§ Your assignment
An exact repetition of the data is required; no picture should appear in it.

§ Dataset excerpt
*** Block opens ***

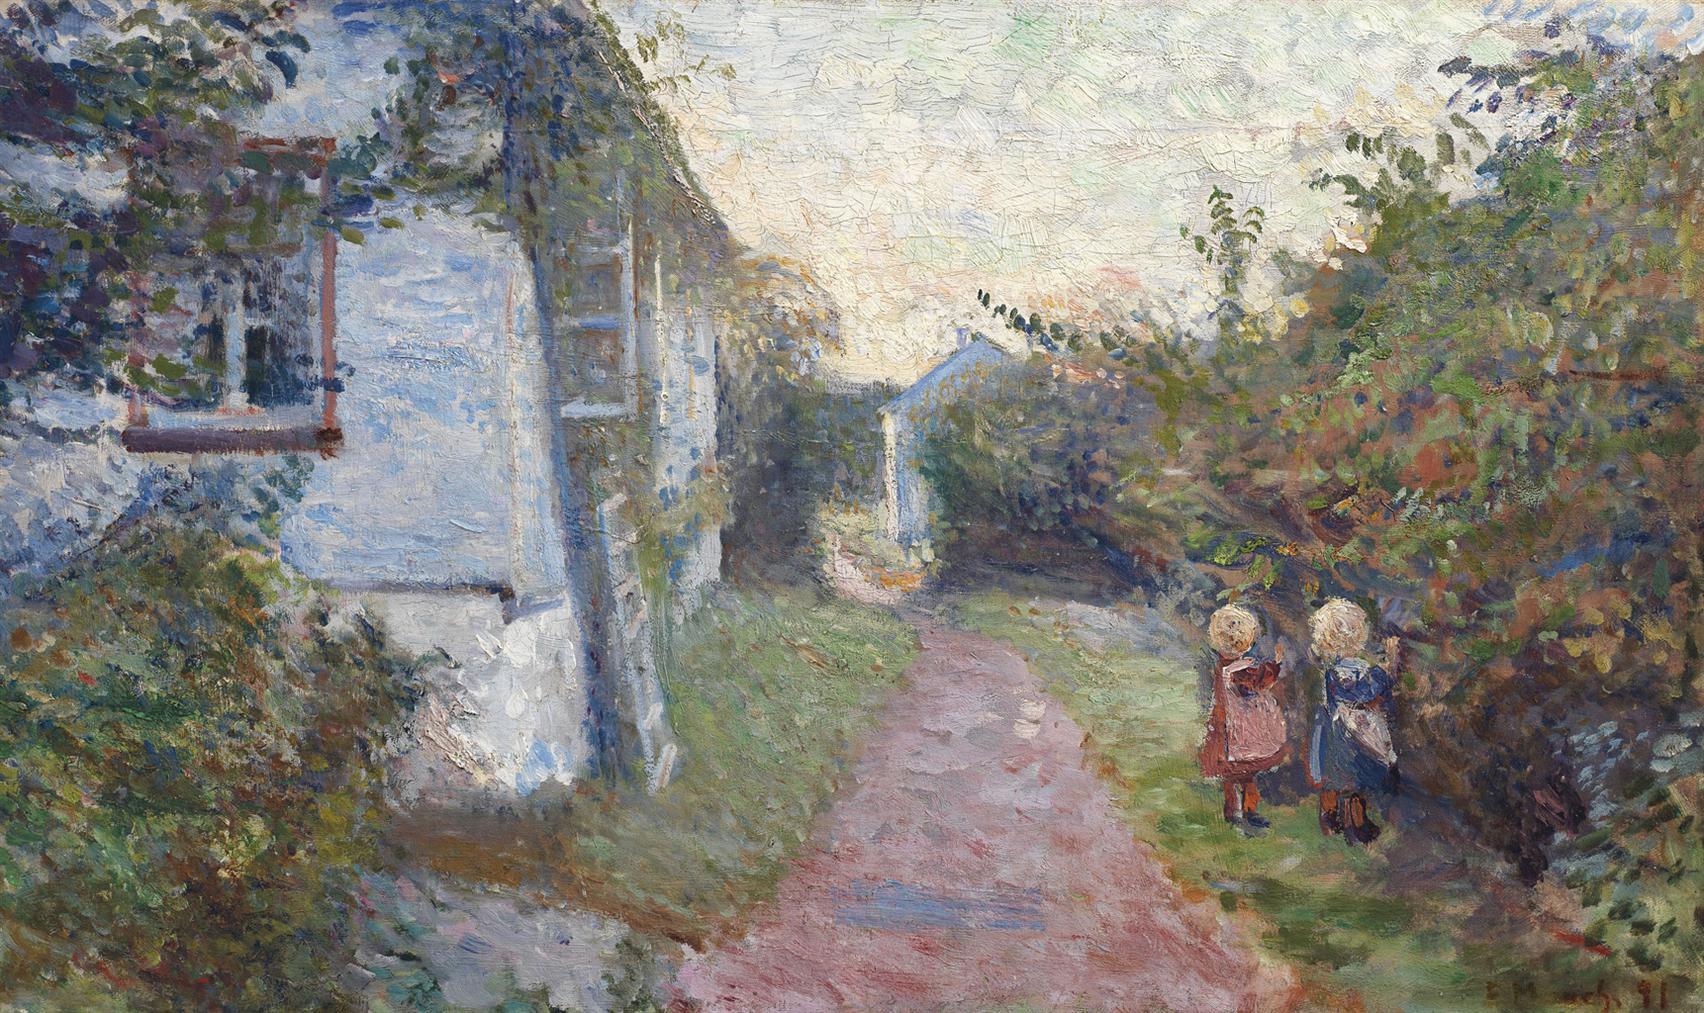 Edvard Munch-Sommeraften I Asgardstrand-1891
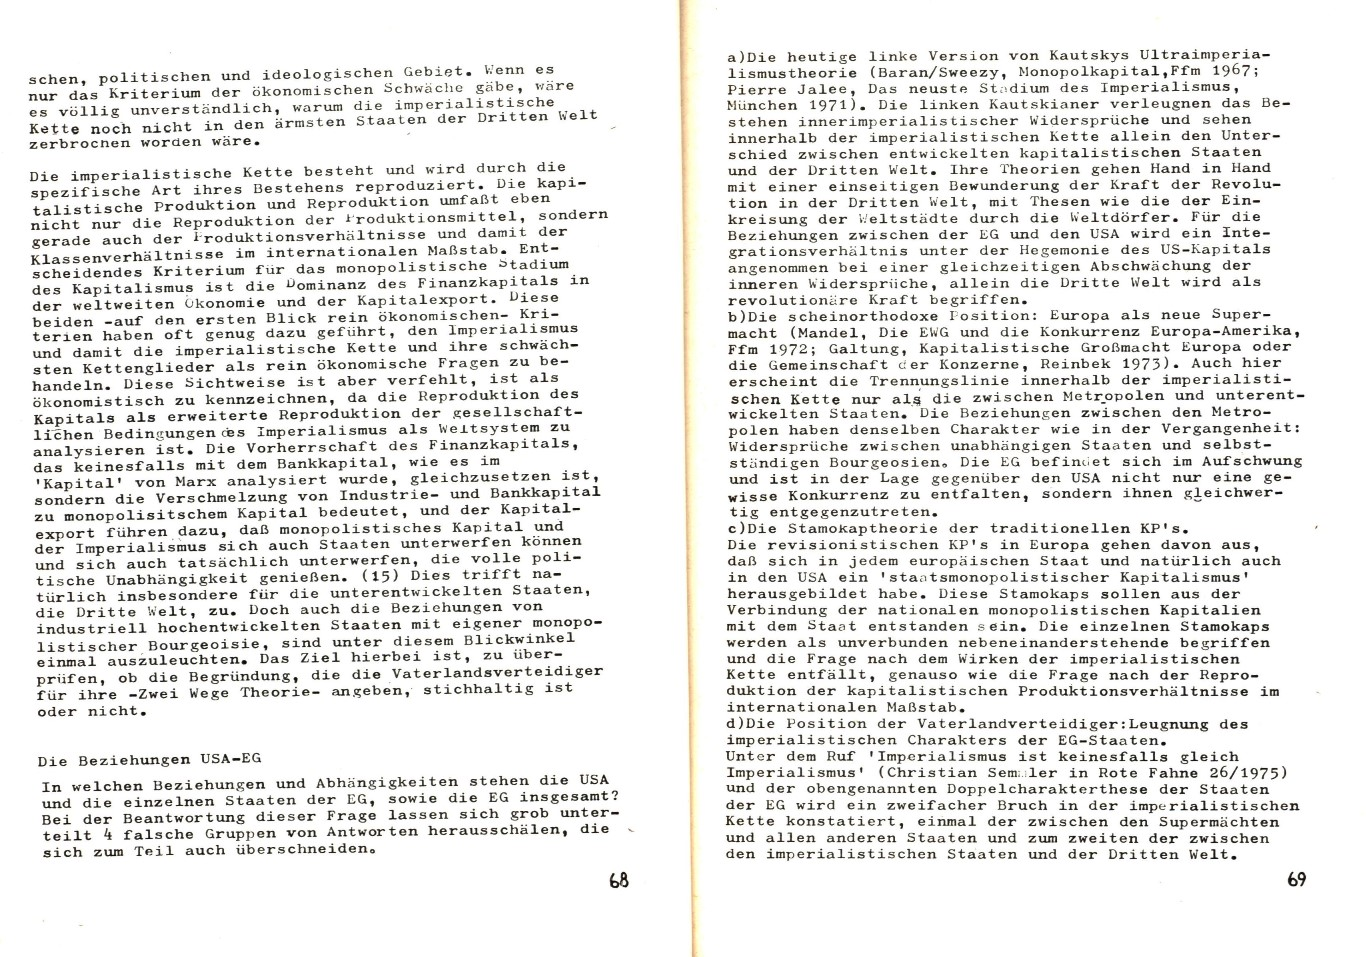 Berlin_KSV_1975_Dokumente_der_SAZ_36
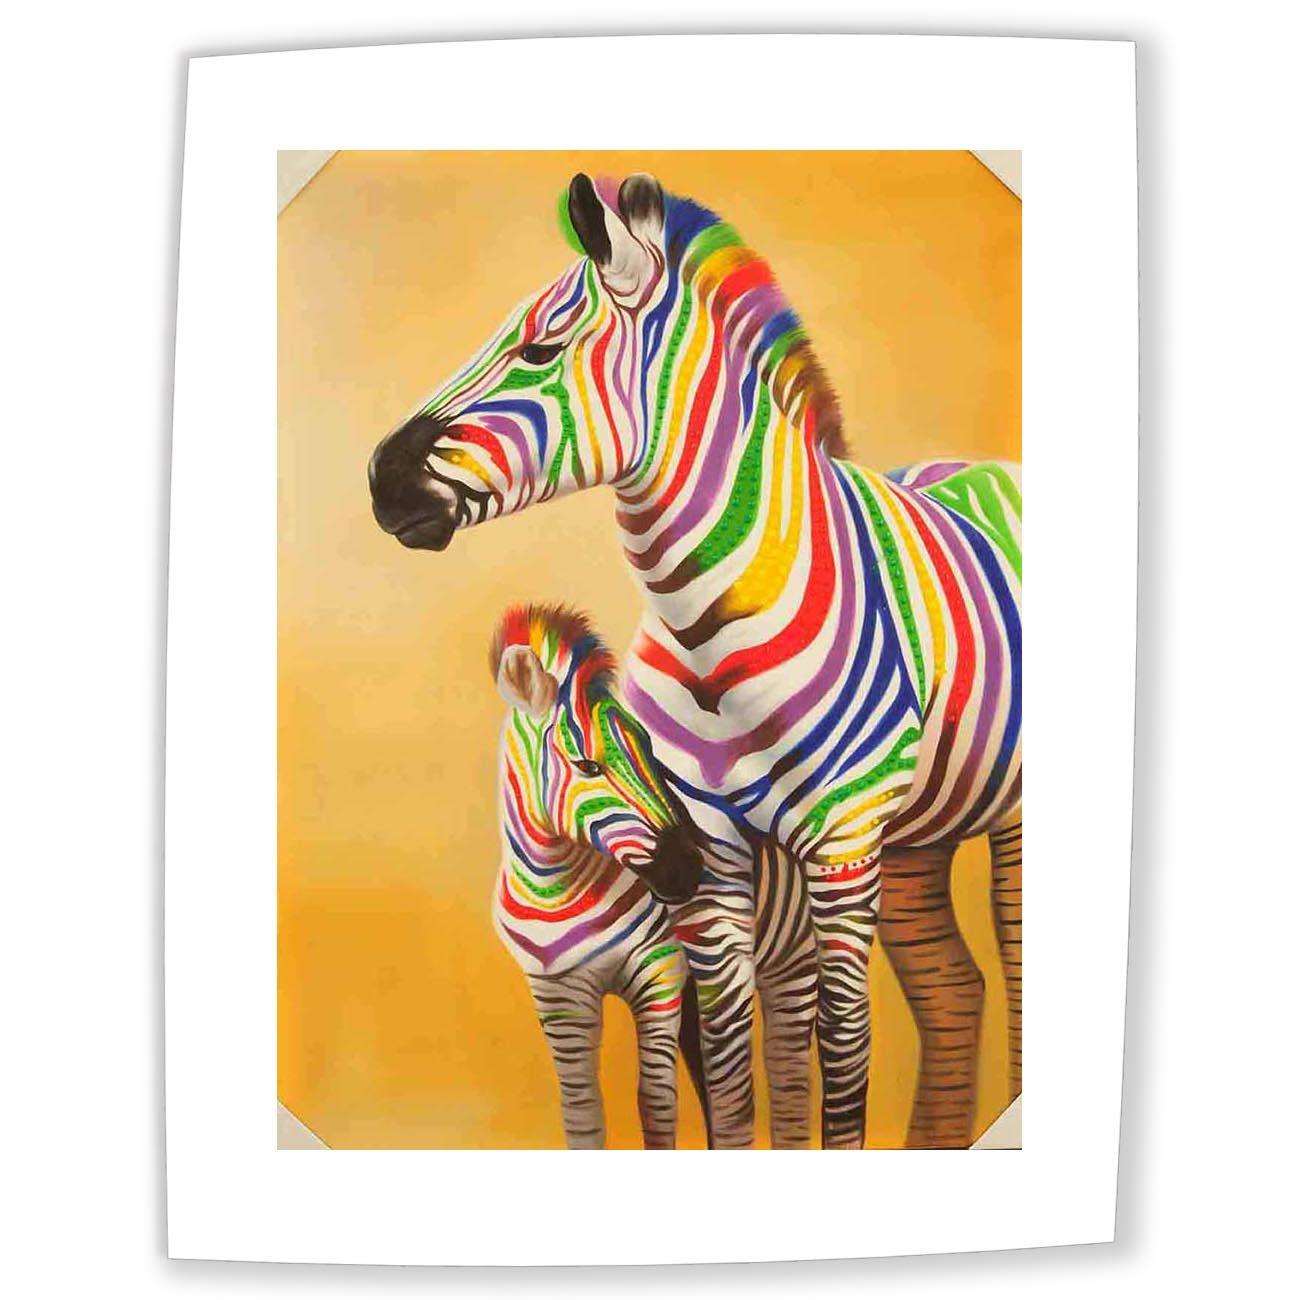 Cuadro sobre Lienzo - Dos Cebras En Colores Multi Pinturas Al Óleo Pared Impresións - 40X55 cm: Amazon.es: Hogar

*** Block closes ***

§ Solution to this task
 Edvard Munch-Sommeraften I Asgardstrand-1891
 Berlin_KSV_1975_Dokumente_der_SAZ_36
 Cuadro sobre Lienzo - Dos Cebras En Colores Multi Pinturas Al Óleo Pared Impresións - 40X55 cm: Amazon.es: Hogar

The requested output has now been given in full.